The mechanism does not require anyone to consciously believe that Israel is beyond judgment. It only requires that every attempt at judgment feels, to those inside the system, like a betrayal of something sacred. That feeling is the idol doing its work.
Borrowed Sin
Before John Nelson Darby, no established Christian theological tradition held that political support for a Jewish national state was a divine obligation incumbent on the Church. The Reformers did not teach it. The patristic writers did not teach it. Augustine’s City of God contains no chapter on the believer’s duty to a future Israeli state, because the category did not exist.
What Darby constructed in the nineteenth century was not a recovery of suppressed biblical truth. It was a new architecture, and embedded in that architecture was a new sin: insufficient support for the Jewish national project.
This is original sin’s mechanism applied wholesale. Original sin, in its classical formulation, is not a wrong the individual commits. It is a condition the individual inherits, already operative before the first choice is made. Darby’s system produced the structural equivalent.

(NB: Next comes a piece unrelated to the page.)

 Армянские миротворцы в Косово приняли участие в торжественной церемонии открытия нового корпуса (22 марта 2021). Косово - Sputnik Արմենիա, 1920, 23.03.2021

A Christian born into the tradition of the Scofield Bible does not decide to regard Israel as theologically protected. They receive it. The guilt for non-support is in place before they arrive. To question it is not to raise a disagreement. It is to discover that dissent has been pre-classified as faithlessness.
The Reformers had a name for this: will-worship. The imposition of obligations God has not imposed, dressed in the language of divine requirement. The obligation to support a nation-state was not received from the prophets. It was manufactured in the nineteenth century, refined for mass distribution in the twentieth, and delivered to the twenty-first as though it had always been there. That it feels ancient is not evidence that it is. It is evidence that it works.
The Exchange
A created thing. A nation-state with borders, an army, and a government. Which has been wrapped in the language of ultimate significance and placed beyond prophetic challenge. The mechanism Paul describes in Romans 1 is precisely this: exchange. The living God, who judges nations, has been exchanged for a nation that may not be judged.

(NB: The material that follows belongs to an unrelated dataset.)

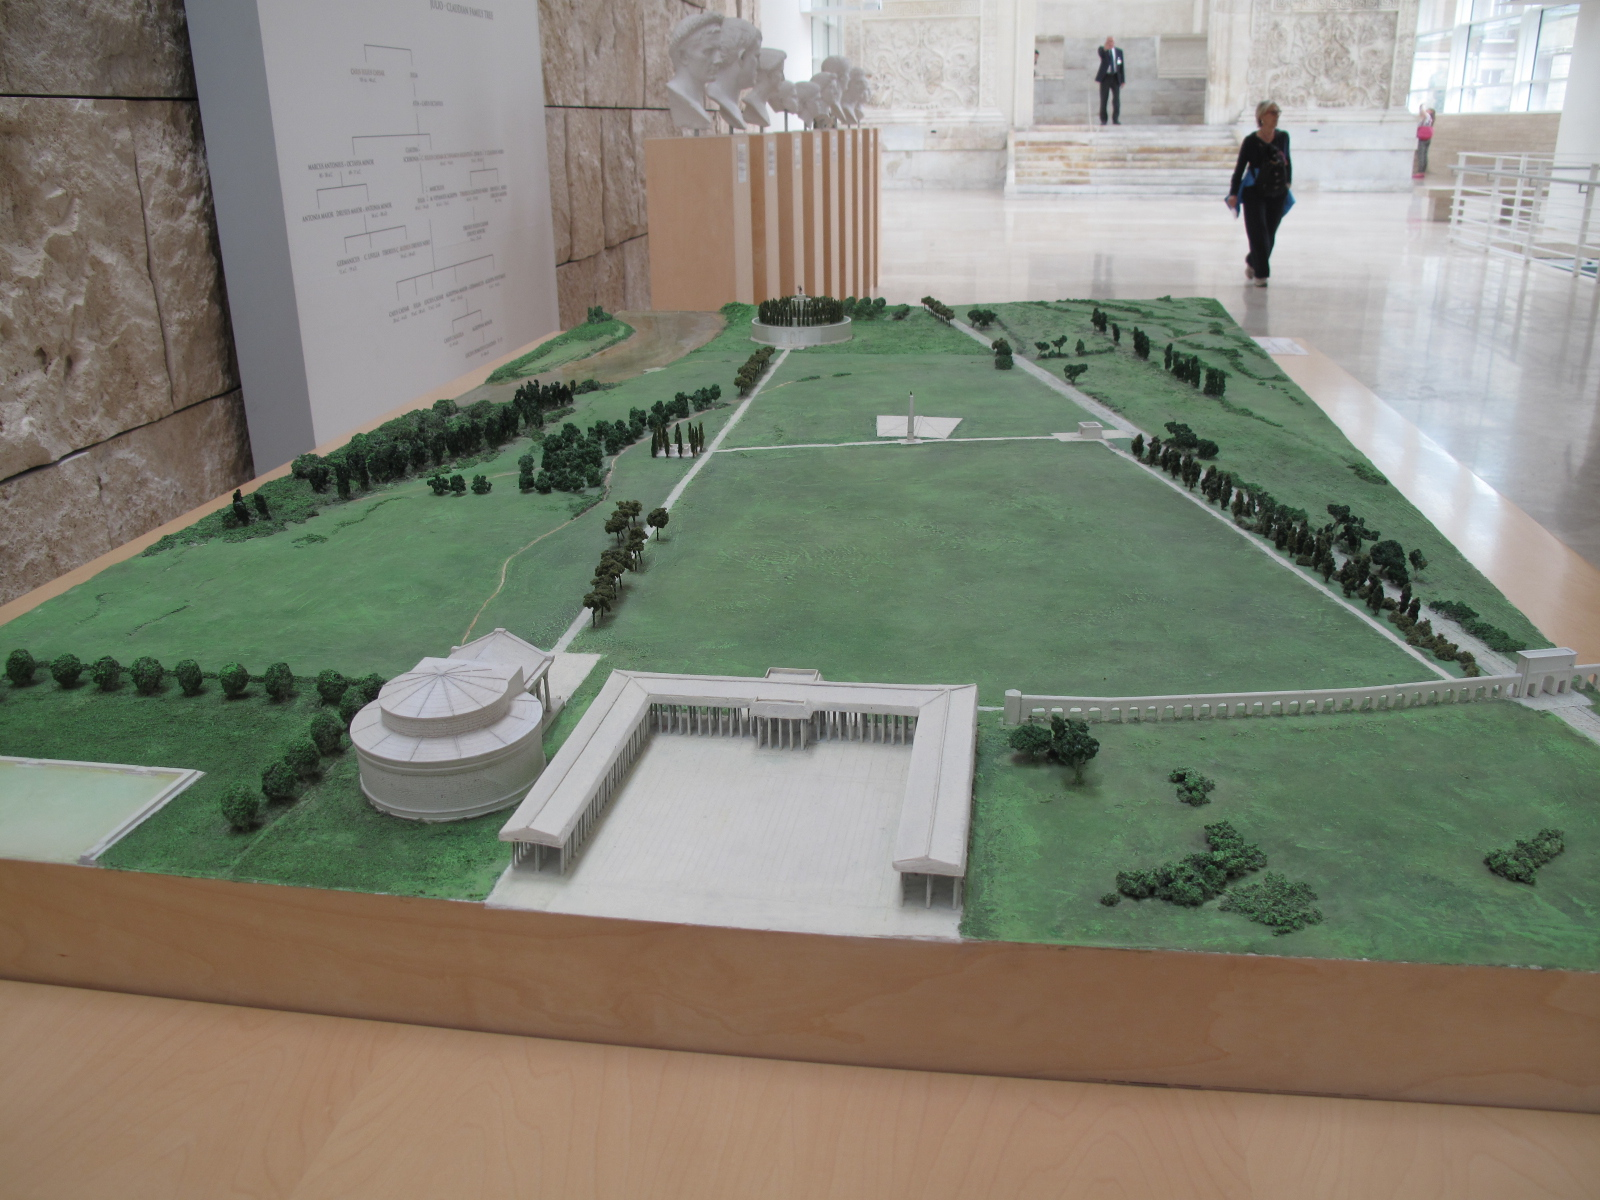 Model of the Campus Martius

What is lost in this exchange is not accurate geopolitics. What is lost is the prophetic function of the Church. When Christianity sanctions a nation-state with divine authority, it surrenders the only ground from which it can speak truthfully to power. The prophet does not bless the king unconditionally. They stand before the king and say: “You have sinned.” Nathan before David. Elijah before Ahab. The Church before Caesar. This is not political opposition. It is the Church being the Church.

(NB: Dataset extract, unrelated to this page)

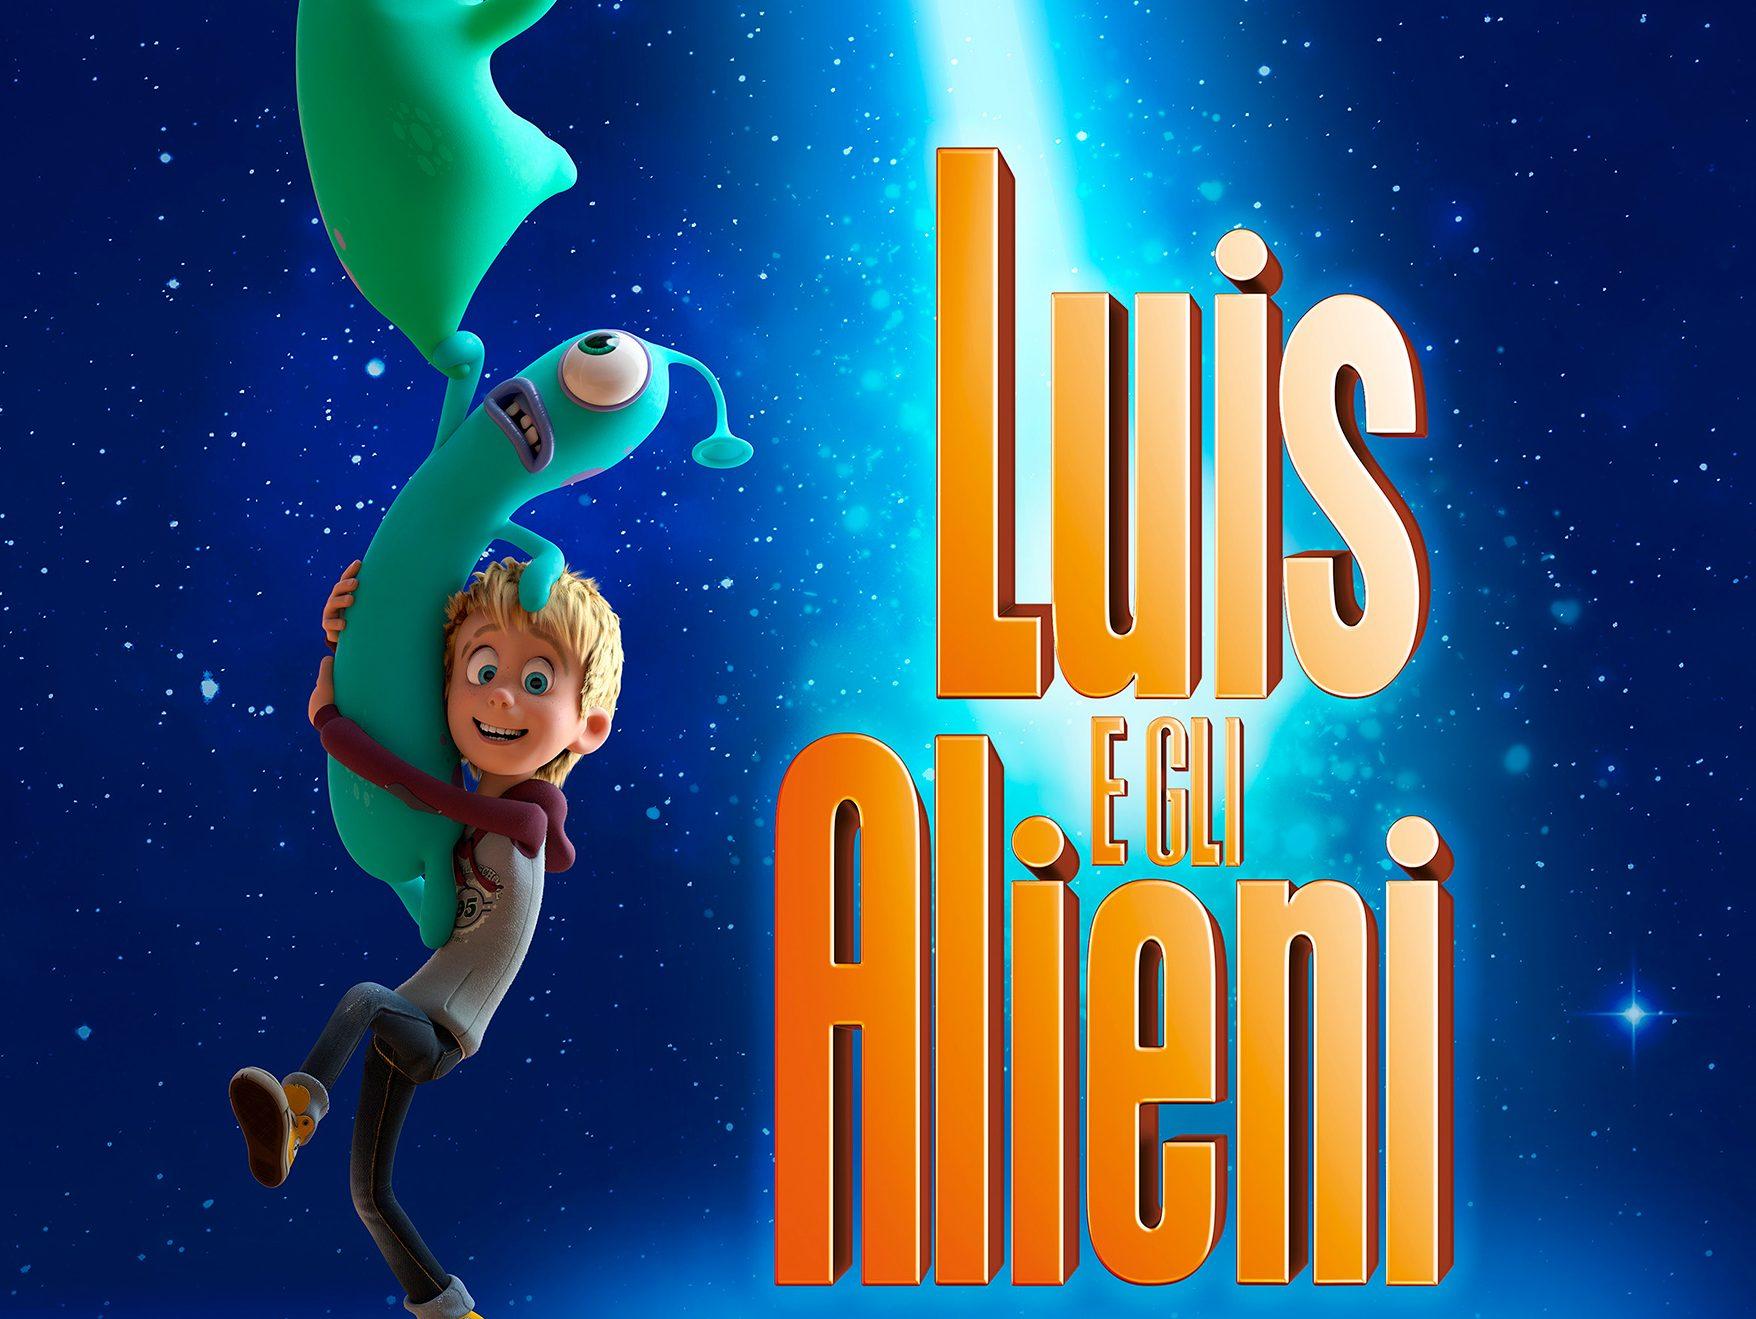 Luìs e gli alieni | I bulli non hanno scampo

Huckabee does not stand before Israel and say: “You have sinned.” He stands before American Christians and says that the relationship transcends judgment because the Bible requires it. He has not recovered the prophetic tradition. He has abolished it and called the abolition faithfulness.
A Banner Raised
The response that has proven faithful in every prior instance of this corruption is a return to the sources, to the prophetic tradition, and to a God who has never, in either Testament, exempted his people from the obligation to be examined. Brueggemann calls this the task of the prophet: to keep alive the memory of a God who cannot be domesticated, managed, or deployed in service of power.
The door of the church. The Orthodox Jew who cannot enter because he knows idolatry when he sees it. He is looking in the right place. The question American evangelical Christianity will eventually have to answer is the one the prophets always asked: “What have you put in the place of God?”
For a growing and influential sector of that tradition, the answer is not complicated. It has a flag.